- STORED DATA:
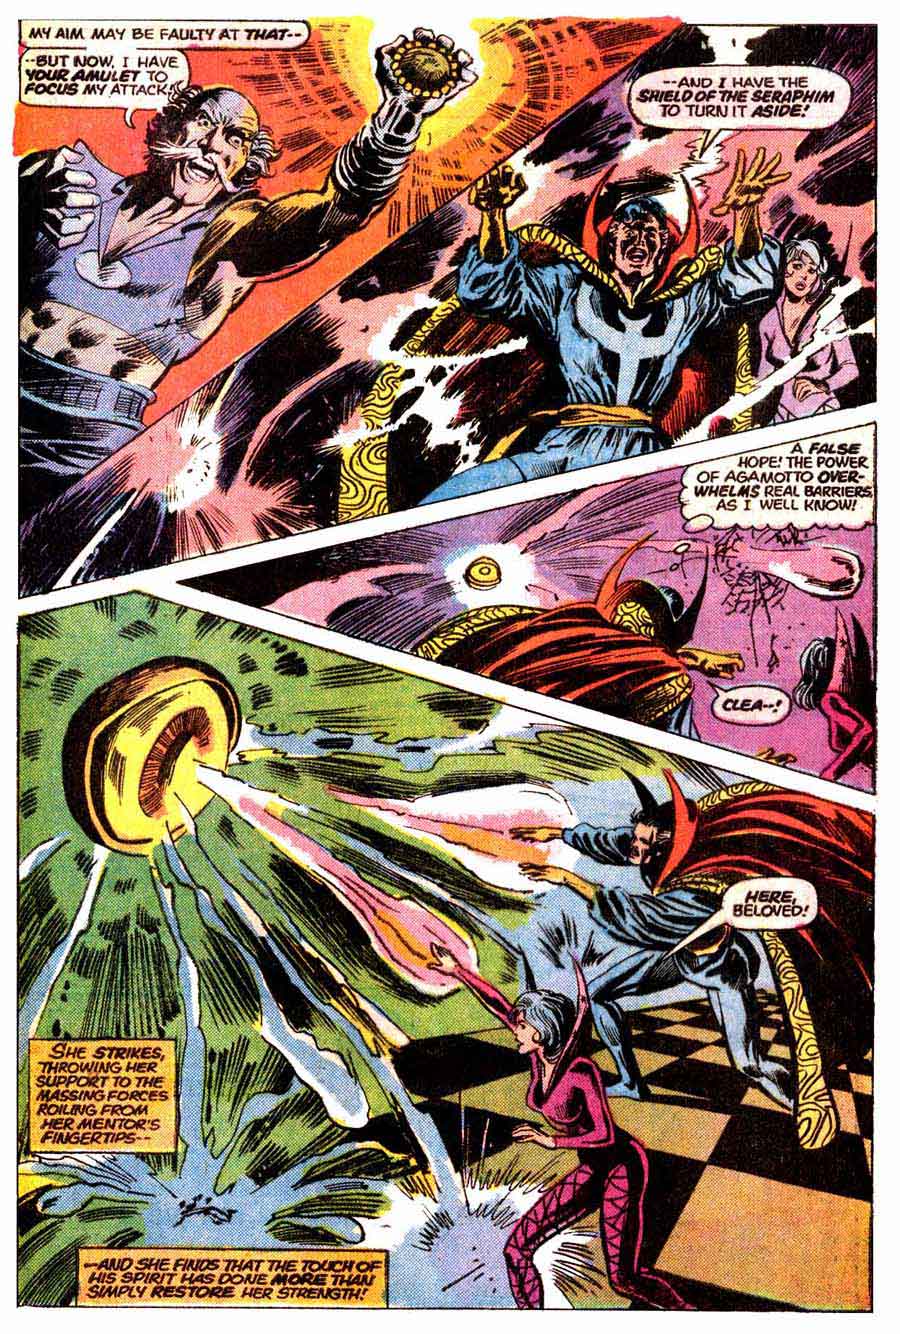 Frank Brunner bronze age 1970s marvel comic book page art - Doctor Strange v2 #5
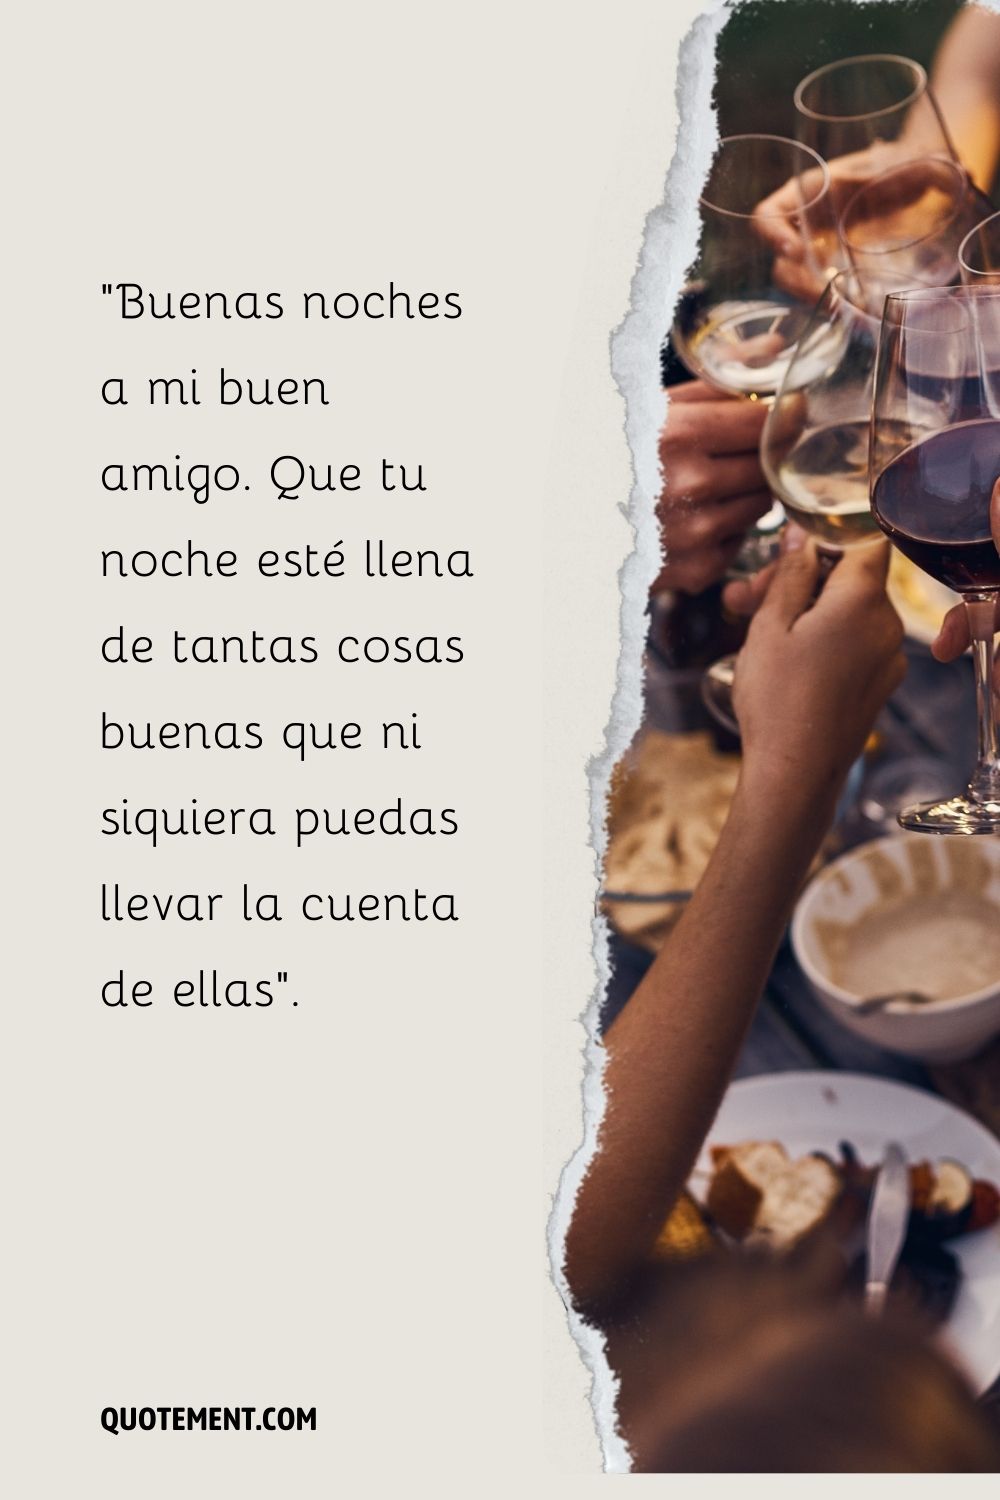 Un grupo de personas chocando copas de vino sobre una mesa de comedor representa el mejor mensaje de buenas noches para los amigos
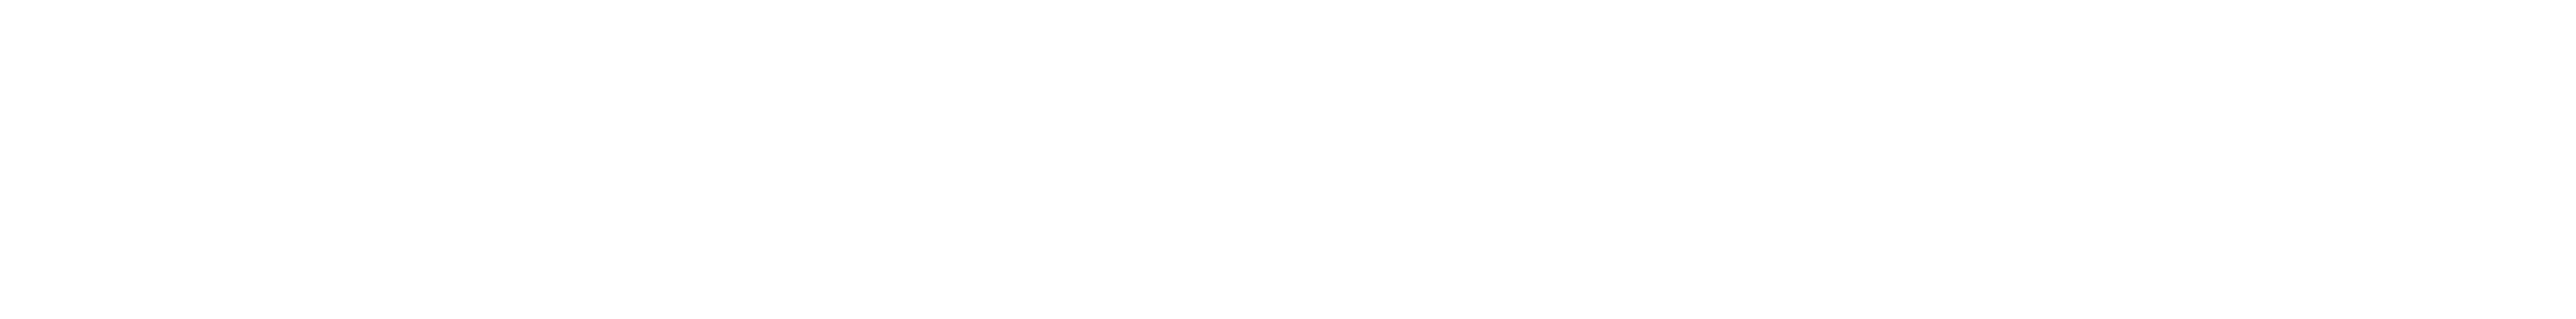 Schneeflocken â€“ Gartenpflege im Winter
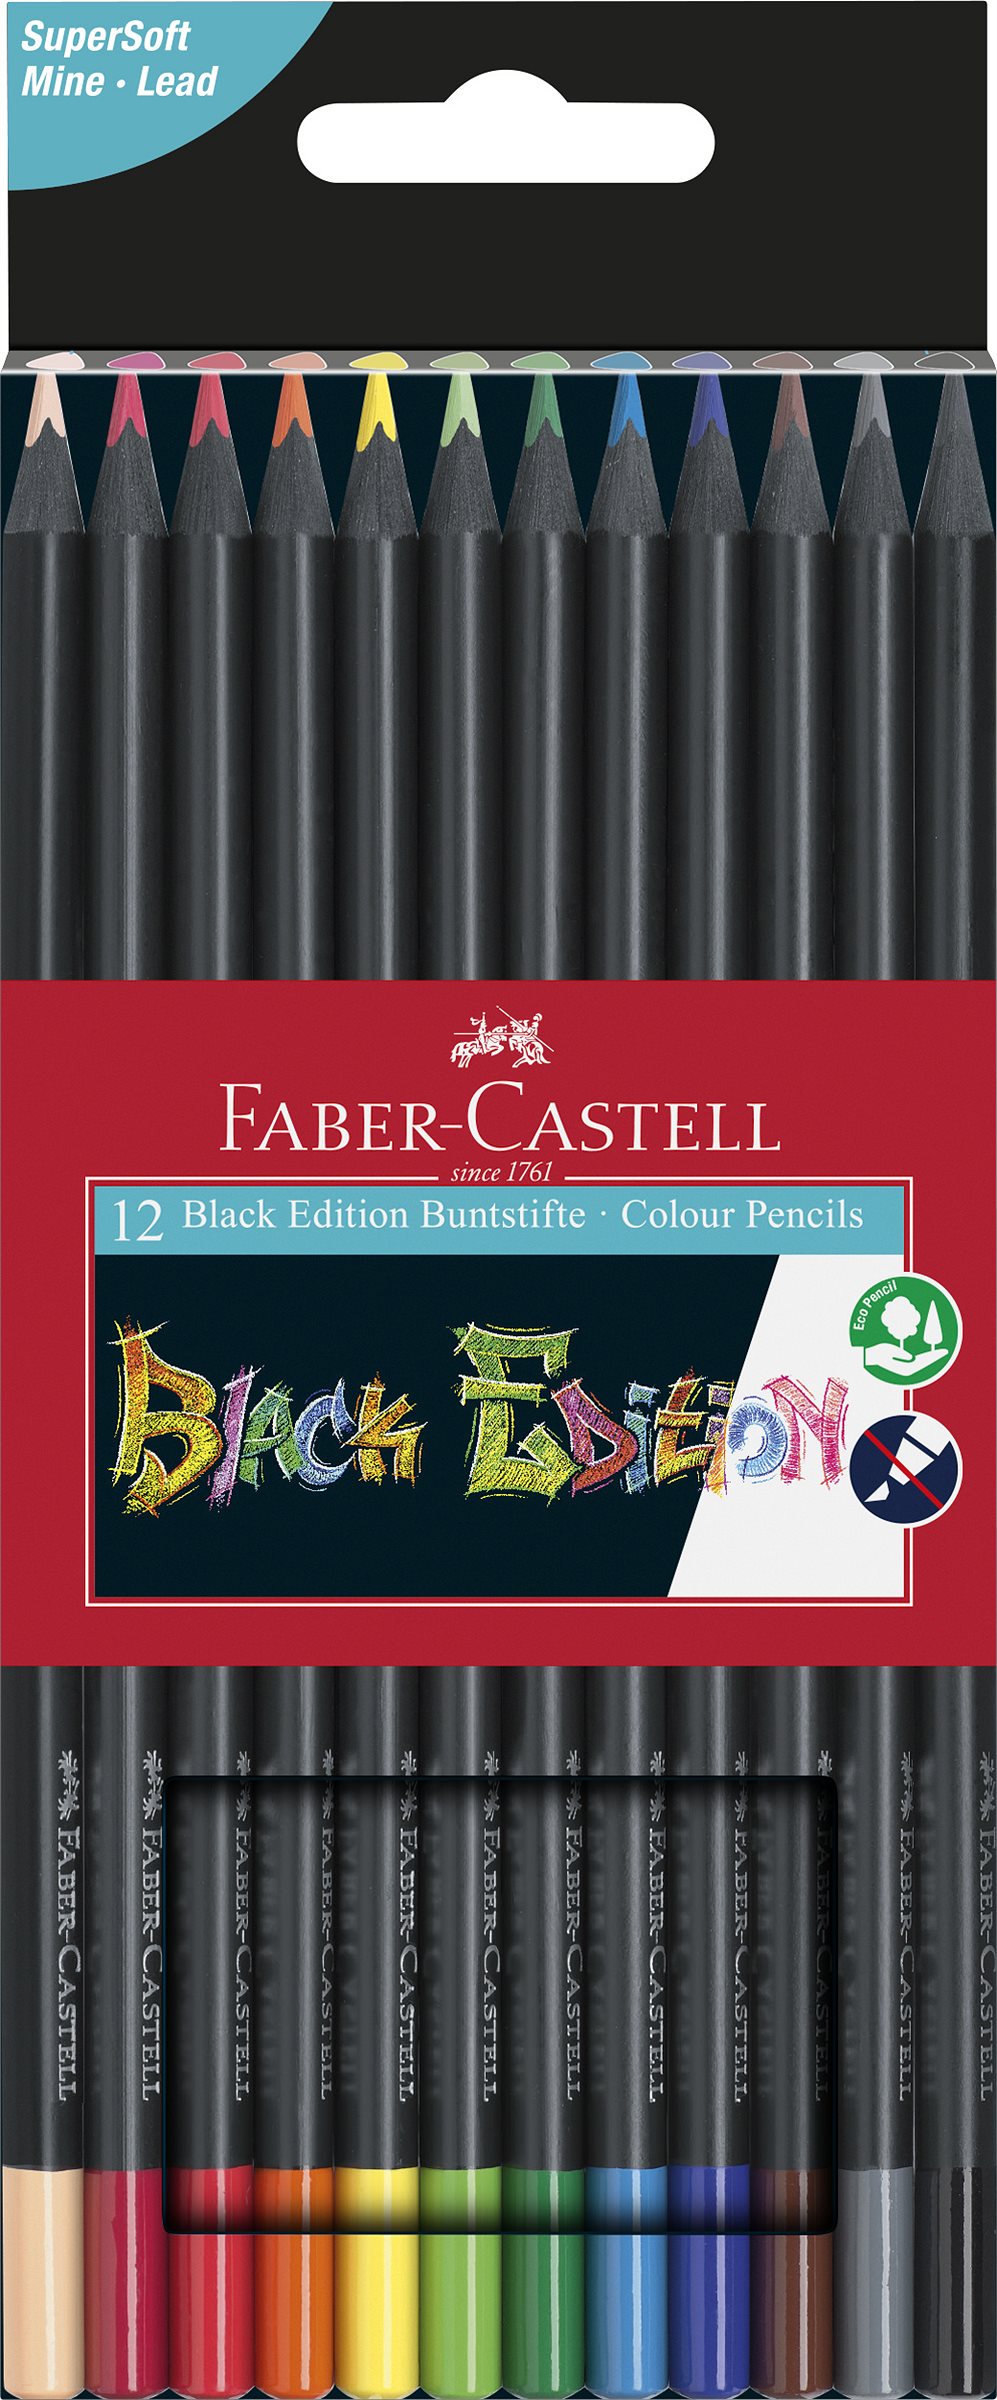 Faber-Castell_Black Edition Buntstifte_Set aus 12_6,00 EUR
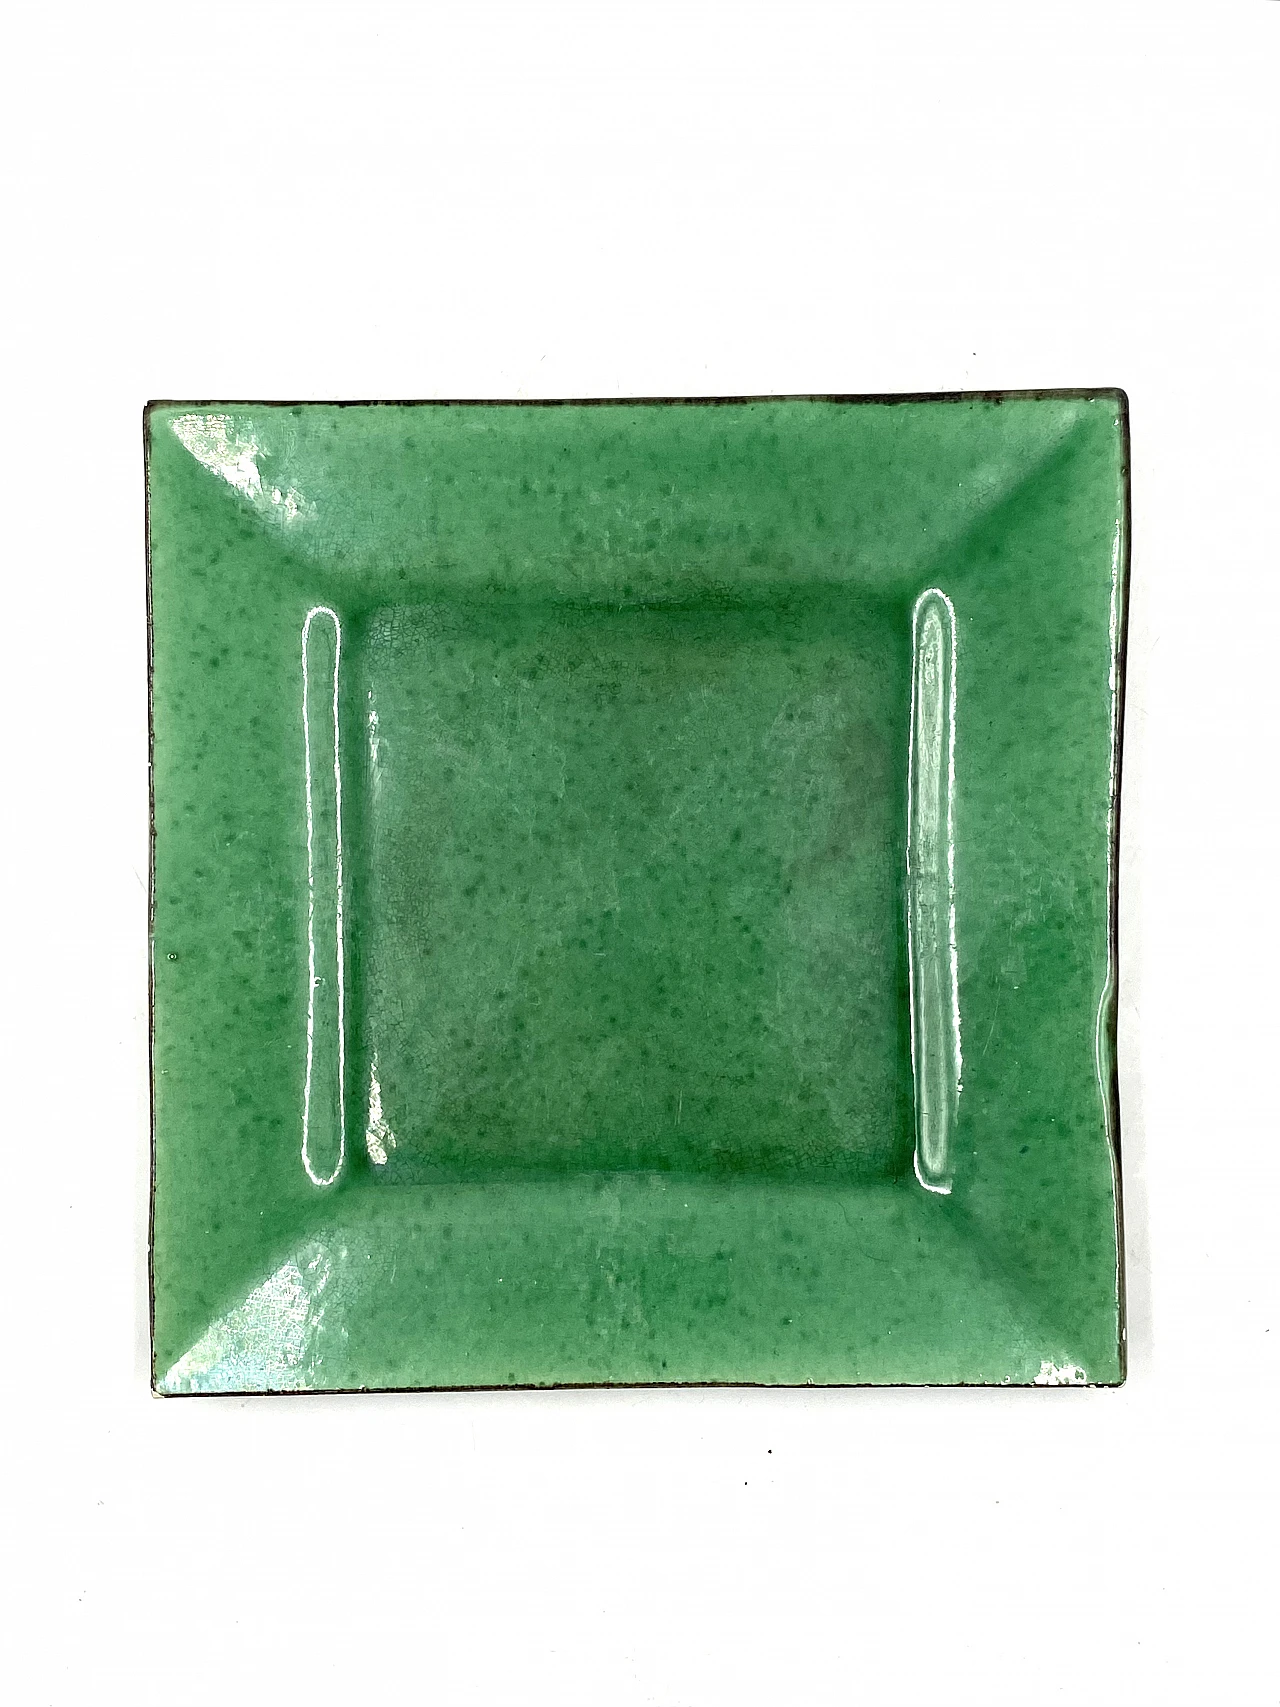 Vide poche in green glazed ceramic, 1960s 12
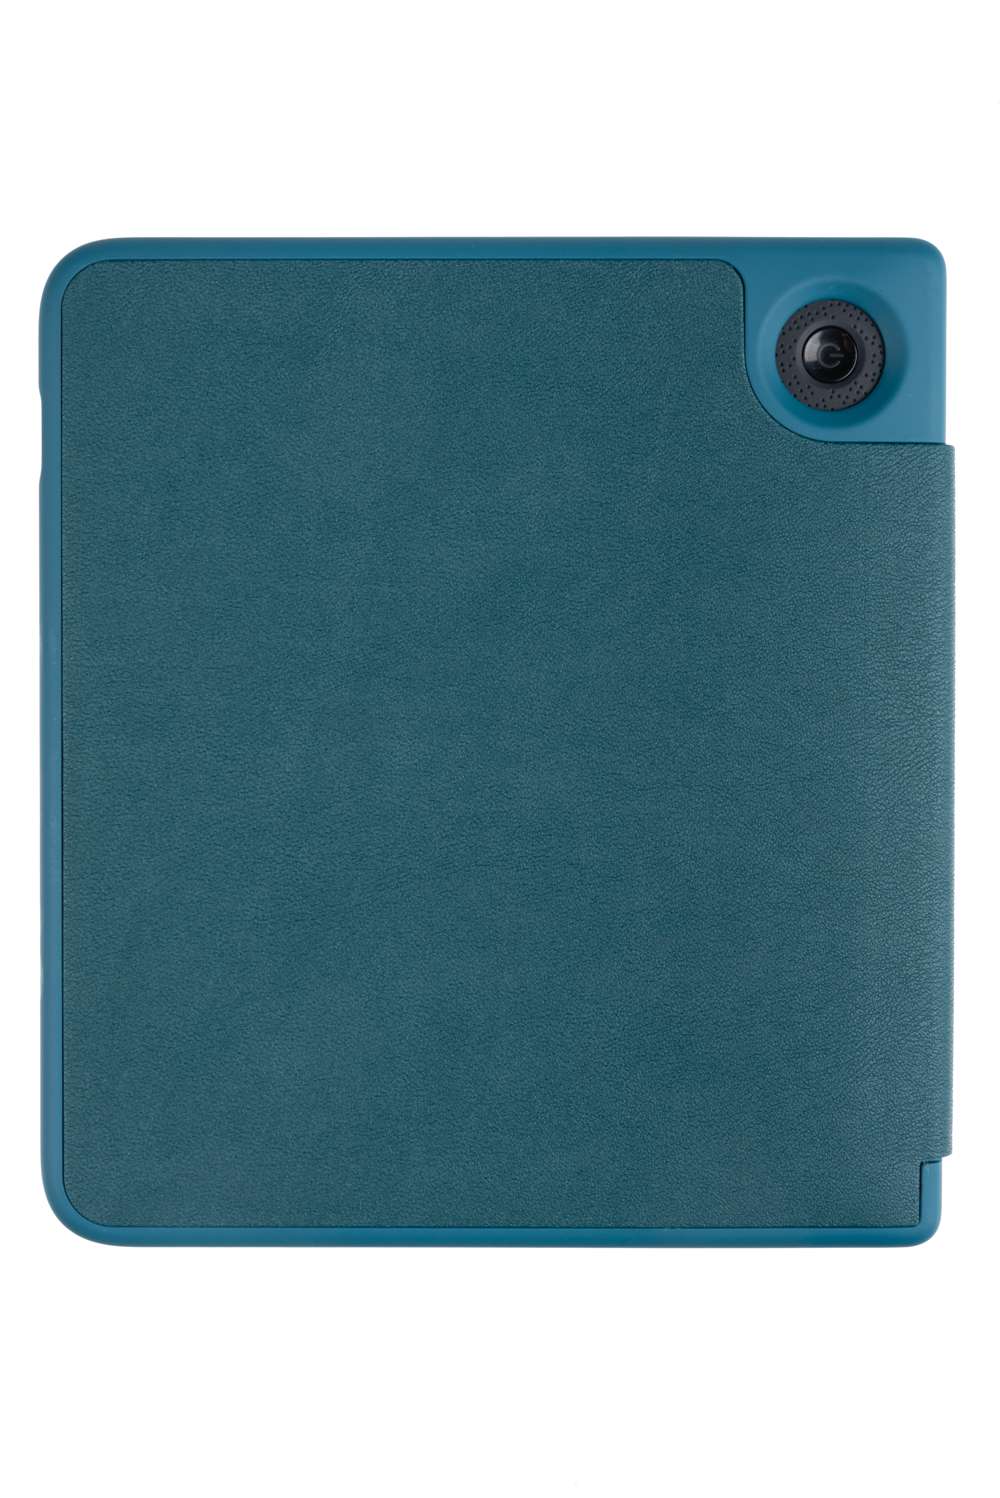 E-Reader case - Kobo Libra 2 & Tolino Vision 6 - Gecko Covers COM

- EXERCISE PROMPT: Make an exact copy of the records from their first line through the line containing "Gartenpflege im Winter", both ends included, with the pictures omitted.

- COMPLETED TASK:
 Frank Brunner bronze age 1970s marvel comic book page art - Doctor Strange v2 #5
 Un grupo de personas chocando copas de vino sobre una mesa de comedor representa el mejor mensaje de buenas noches para los amigos
 Schneeflocken â€“ Gartenpflege im Winter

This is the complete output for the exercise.